Falling back to querying the backend when pre-loaded data is missing
My first thought after I had that working was to just get rid of the ajax calls in beforeModel
but that would've been rushed. As we'd already said, we want to fall back to querying the data from the back-end "live", if we find that we need it. The testing environment is a great example where we probably don't want this pre-loading behavior (in our app, we use a mock API, using Mirage fixtures) but there can be other reasons for the data not to be there.
So we need to check if we have data for each type and then still consult the API if we don't:
1// app/routes/application.js 2export default Route.extend({ 3 beforeModel() { 4 let preload = {}; 5 let currencies = this.store.peekAll('currency'); 6 if (currencies.get('length') === 0) { 7 preload.currencies = this.store.findAll('currency'); 8 } 9 let destinations = this.store.peekAll('destination'); 10 if (destinations.get('length') === 0) { 11 preload.destinations = this.store.findAll('destination'); 12 } 13 return RSVP.hash(preload); 14 }, 15});
store.peekAll
is a great method and comes handy here. It checks the contents of the store for the given type and doesn't ever trigger a request to the backend.
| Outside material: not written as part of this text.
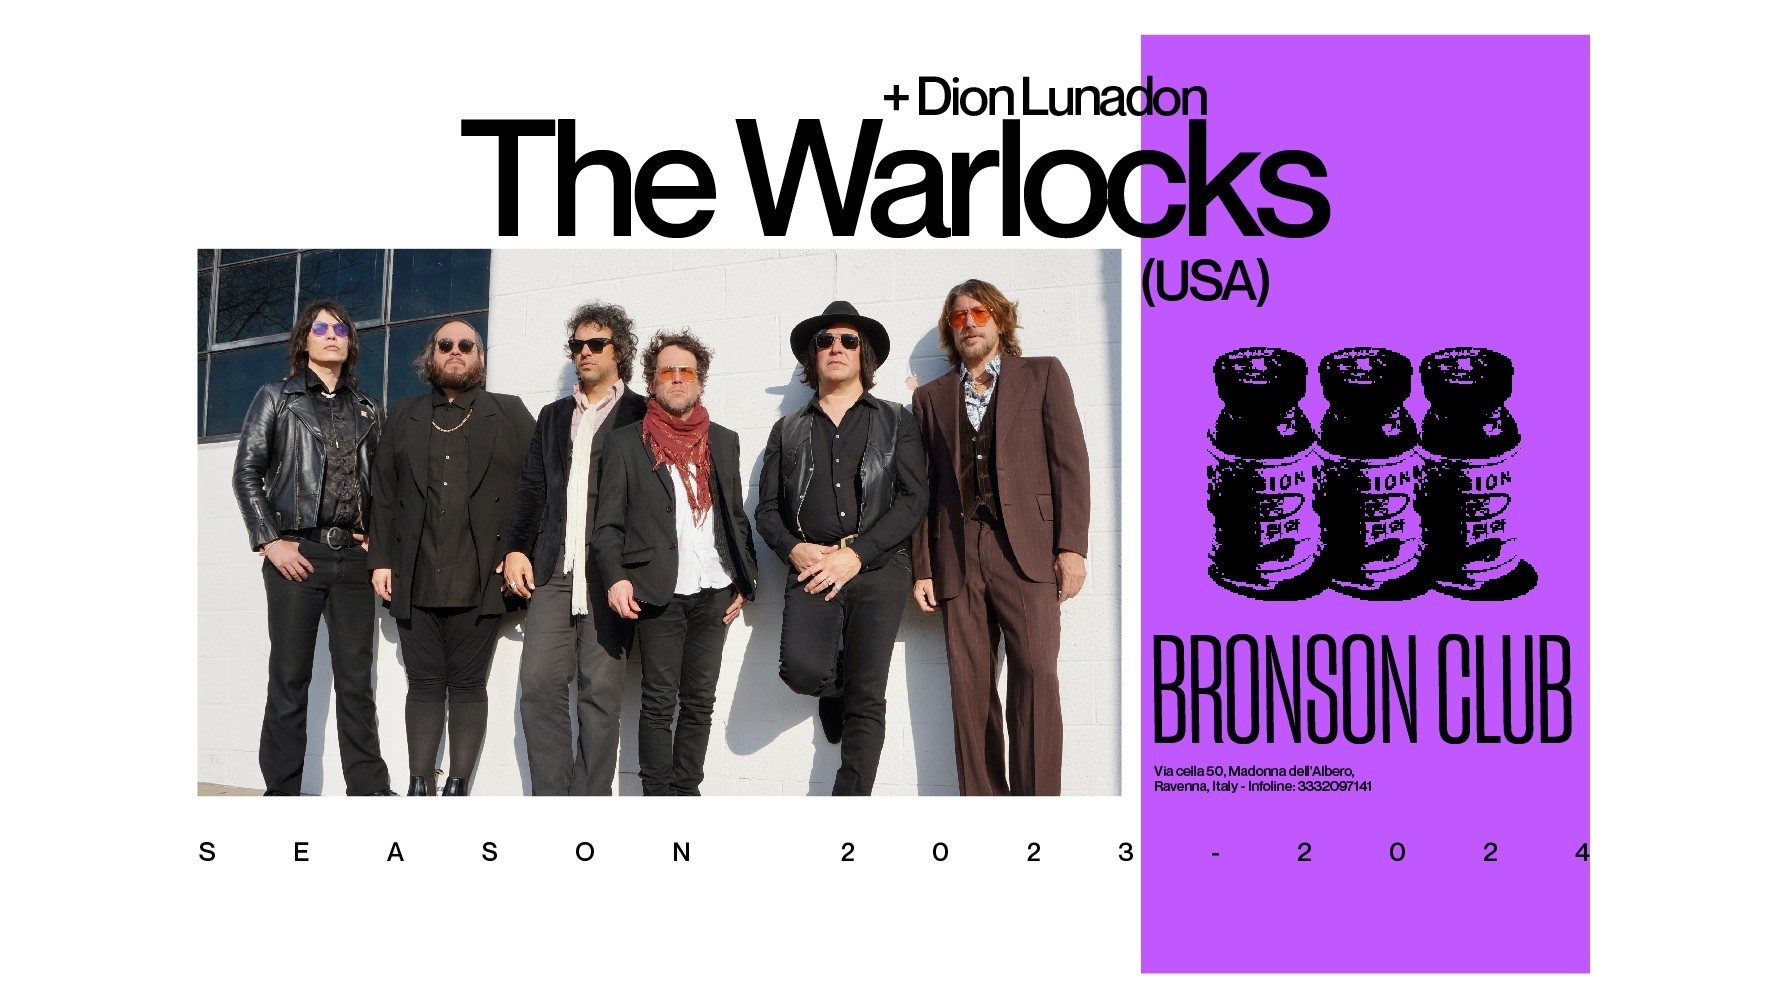 The Warlocks + Dion Lunadon

So we assume that if there's at least one record for each type in the store, it means that we had pre-loaded data and thus don't fire an API request.
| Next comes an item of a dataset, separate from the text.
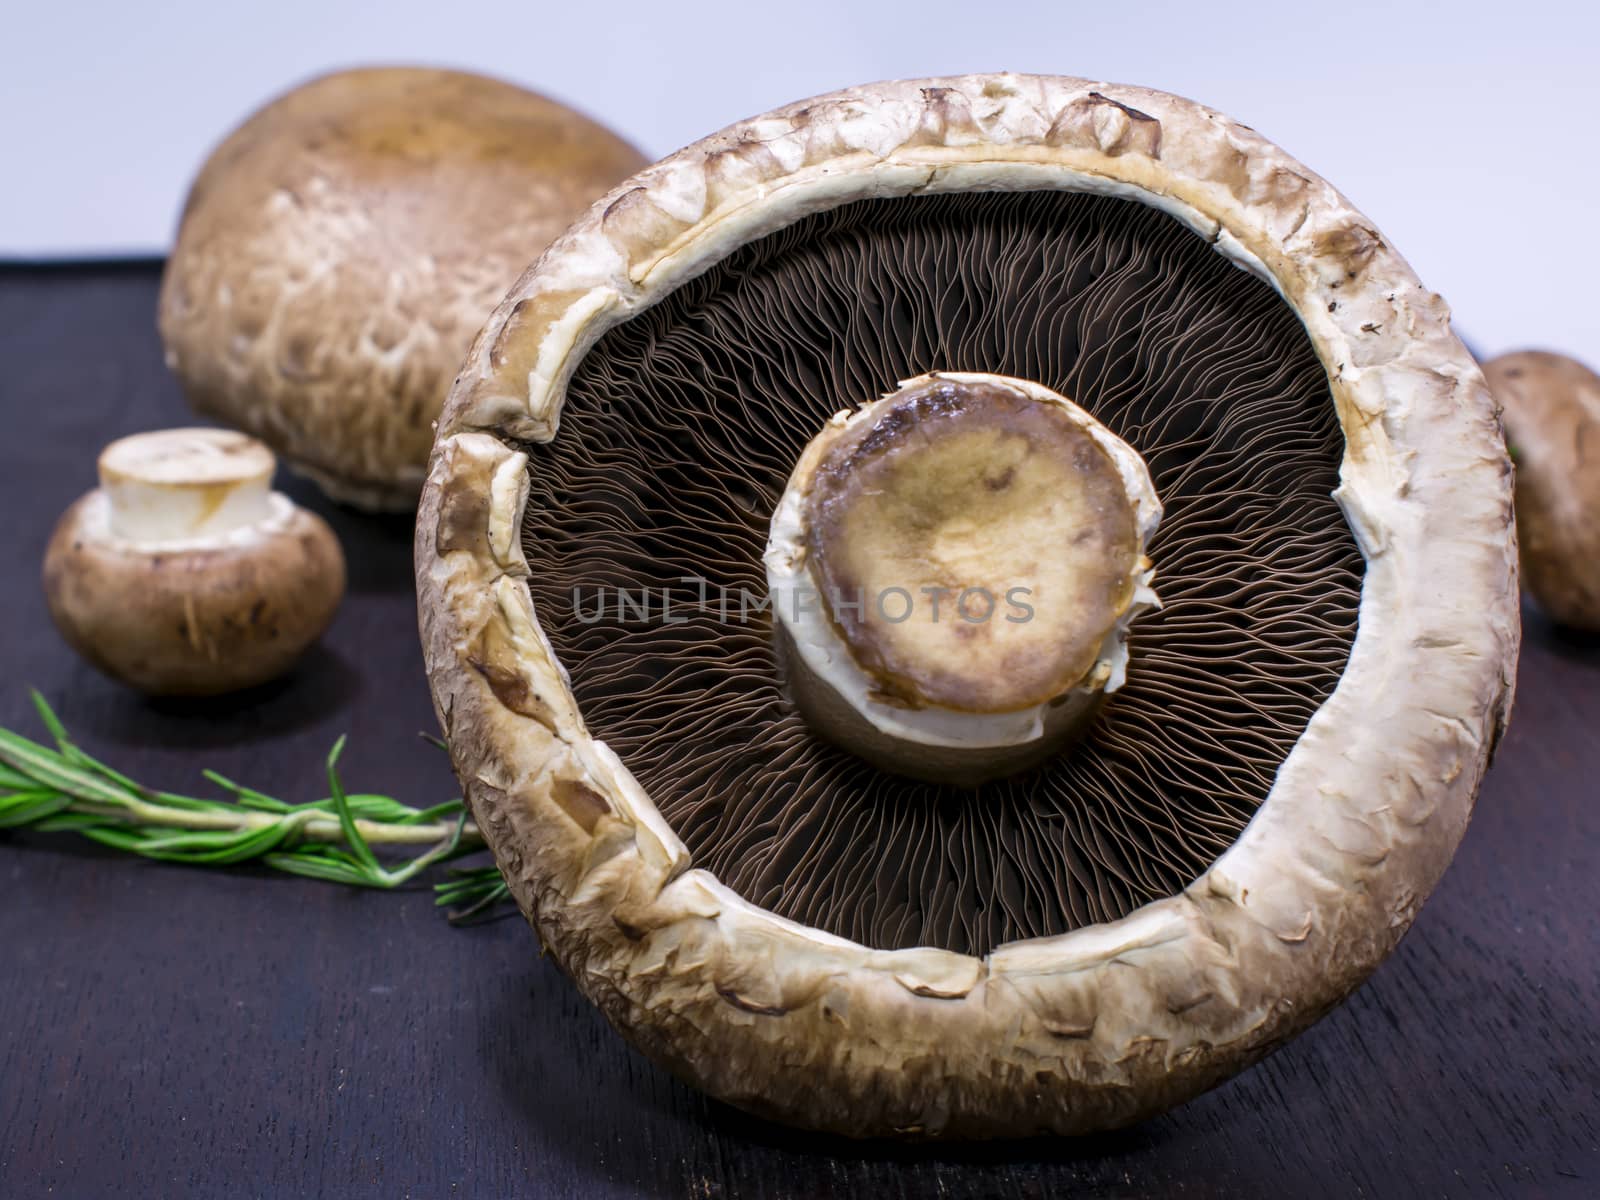 Huge Portobello Mushroom on Display with all its Glory by seika_chujo

As you can see from the following Network tab screenshot, the ajax request to fetch destinations is no longer fired:
And that's because the store already has them:
Making it part of the build process
To make use of this in production, where improving performance (and reducing the number of API requests) pays the most dividends, the process has to be integrated into the production build.
Let's first define our data fetching script in package.json:
Having done that, calling the script during the build is a simple matter of running yarn fetch-store-data
(or npm run fetch-store-data
) which should be easy whichever CI/build platform you use.
The other pieces are encapsulated in the app: ember-cli-build.js will pick it up during ember build -e production
and write the meta tag, the initializer reads from the meta tag and loads the data into the store. The app is then happy not having to make a costly request to the back-end for data that almost never changes. Or does it?
Caching considerations
Writing the serialized response for API requests into the index.html is equivalent to caching the response of those API requests so we have to ask ourselves the question: when do we have to invalidate the cache and how can we do it?
Assuming the index.html is not allowed to be cached, users get a fresh copy of the data when a new index.html is built – every time we make and deploy a build to production (users will then still have to reload the app to get the new index.html).
That might be fine in certain cases (as it was for us with destinations), but in others, more up-to-date data might be needed. As it turned out, we update currency exchange rates daily on the backend, so we ended up not inlining currencies and querying them from the API on the fly.
Since the implementation was flexible enough, this was just a matter of not fetching currencies in the fetch-data-for-inlining.js
script, a simple, quick change.
A hybrid solution is also possible – inline store data initially but update it in the background or when it's needed. Currencies could be fetched from the backend when the user opens the shopping cart, instruments can be re-loaded when a dropdown on the artist form is activated.
I plan to write more about this hybrid approach in a sequel to this post.